### Crime in Chicago

The Chicago Police Department makes details of all of its incidents available. For each one, there’s a record describing what kind of incident and crime it was, where it took place (thinly anonymized), and when it happened.

This data is available for more than a decade’s worth of crimes (a big file!) but I’ve used one subset of just over a month as a working dataset. What sorts of things can be learned from such data? One research project looked at seasonal patterns, and discovered that there are strong and consistent patterns over time.

I’m more interested in this dataset as a publicly available example of the kind of information that might be collected about terrorist incidents, IED explosions, and the like. Such data is of mixed type: some fields are numeric, others (times and dates) are cyclic, and still others are textual. So it’s not straightforward to apply knowledge discovery algorithms to them.

In what follows, I’m using a hashing technique to deal with the non-numeric fields, z-scoring to treat variation in each attribute as equally significant, and singular value decomposition to project the data into lower dimensions and to visualize it. To help understand which attributes are making an interesting difference, the resulting plot can be overlaid so that the colour of each point corresponds to the value of that particular attribute for the record corresponding to that point. (In an earlier post, I did a similar analysis for the complete START set of terrorist attacks.)

Incidents are labelled with the physical coordinates of where they took place, so one way to visualize the data is to plot each of the attributes against position. Here is a figure showing the distribution on incidents in space, labelled their FBI crime descriptor:

There are patterns to be seen, but they are weak and hard to pick out.

The advantage of clustering using singular value decomposition (SVD) is that we can see the effects of all of the attributes on which incidents resemble others, without having to know anything in advance about the signficance of any one of them.

Here’s the clustering derived from SVD:

Clustering of all incidents derived from SVD

It’s clear from this figure that there are clusters, i.e. not all crimes are one-offs, nor are all crimes essentially the same. But what properties of these incidents accounts for the 7 or so strong clusters? That’s where being able to overlay single attributes on the clusters can help.

For example, if we overlay time of day on the clustering like this:

Clusters overlaid with time of day

we see that time of day is somehow orthogonal to the clustering — it has some relevance, but each of the clusters has the same internal structure with respect to time. So this doesn’t help to explain the clustering but it does suggest that there is deeper structure that is connected to time.

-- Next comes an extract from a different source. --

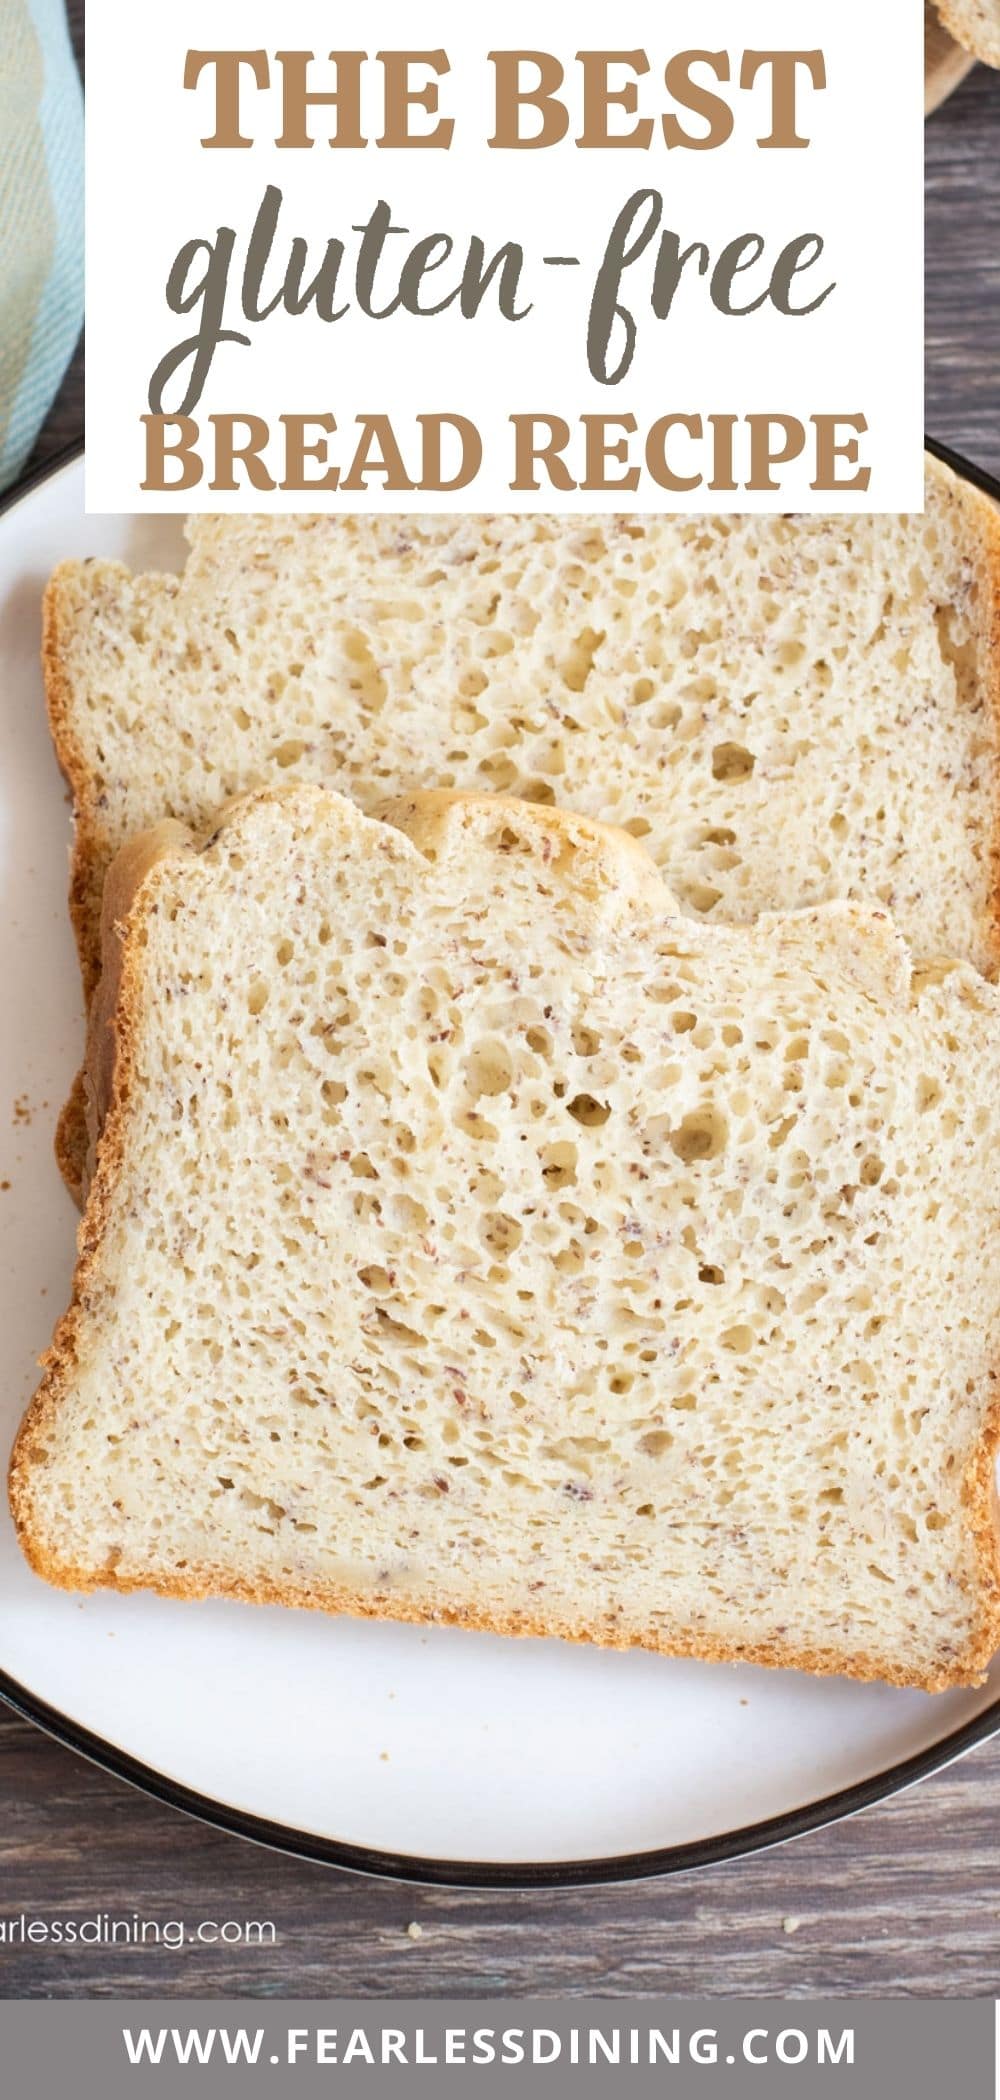 Bake the Best Gluten Free Bread with Your Bread Machine - Fearless Dining

On the other hand, if we overlay the clustering with whether or not it led to an arrest:

Clustering overlaid with arrests

we see that arrested or not plays a major differentiating role in the clustering. Similarly, if we overlay whether or not the incident was domestic:

Clustering overlaid with domestic or not

we see that this also makes a big difference in the clustering.

If we overlay with the primary description of the incident:

Clustering overlaid with the primary classification of the incident.

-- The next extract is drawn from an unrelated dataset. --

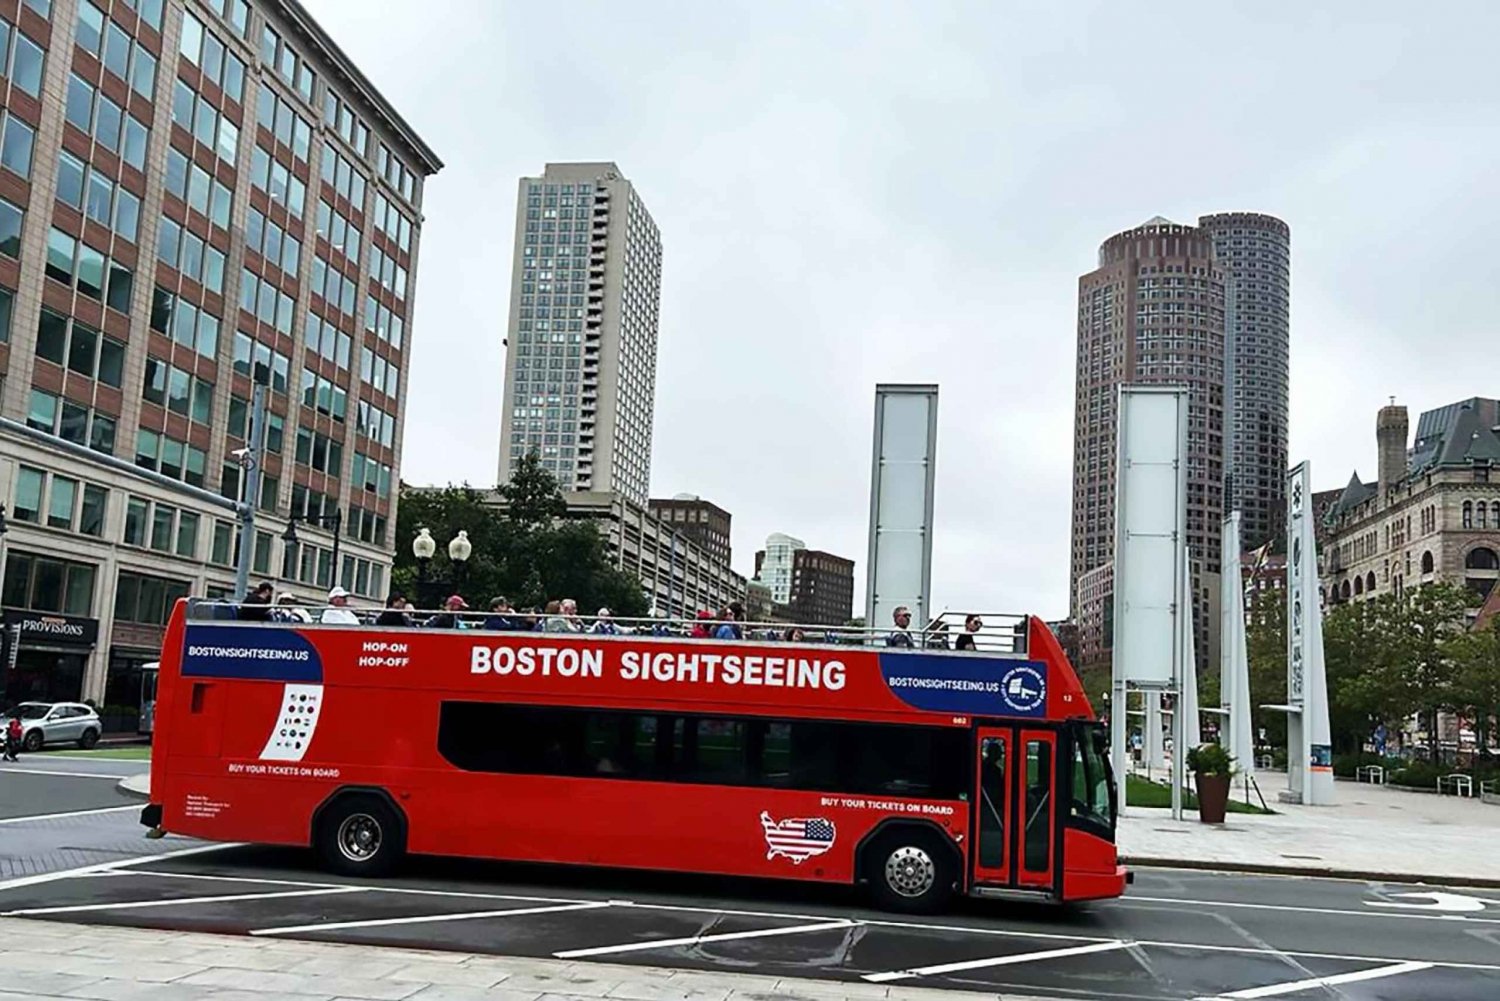 Boston: Hop-On Hop-Off All Day Boston Sightseeing Tour

then we see that another part of the clustering is explained. Notice that, while arrested or not varies from top to bottom, incident classification varies from left to right. In other words, macroscopically at least, there is no correlation between type of crime and arrest rate — they vary in an uncorrelated way — which is a good thing.

There’s a similar structure in the secondary crime description attribute:

Clustering overlaid with the secondary crime classification

We can get another sense of which attributes are driving the clustering by plotting the attributes, produced from the same SVD. In these plots, points far from the centre are more significant than those close to the centre, and those in the same direction from the centre are correlated. Furthermore, points representing incidents are “pulled” towards attributes for which they have large values. So this plot provides a sense of which attributes play the largest role in differentiating incidents, and how they fit together.

Variation among attributes aligned with variation among incidents

In fact, we can plot incidents and attributes in the same plot to make the connections obvious:

The relationship between attributes and incidents

This dataset also shows how difficult some of the problems of anomaly detection are. Suppose we wanted to answer the question: which incident was the most unusual in this dataset? The SVD provides a theoretically well-motivated answer: the one whose representative point is farthest from the origin. However, looking at the clustering, this theoretical answer seems rather weak.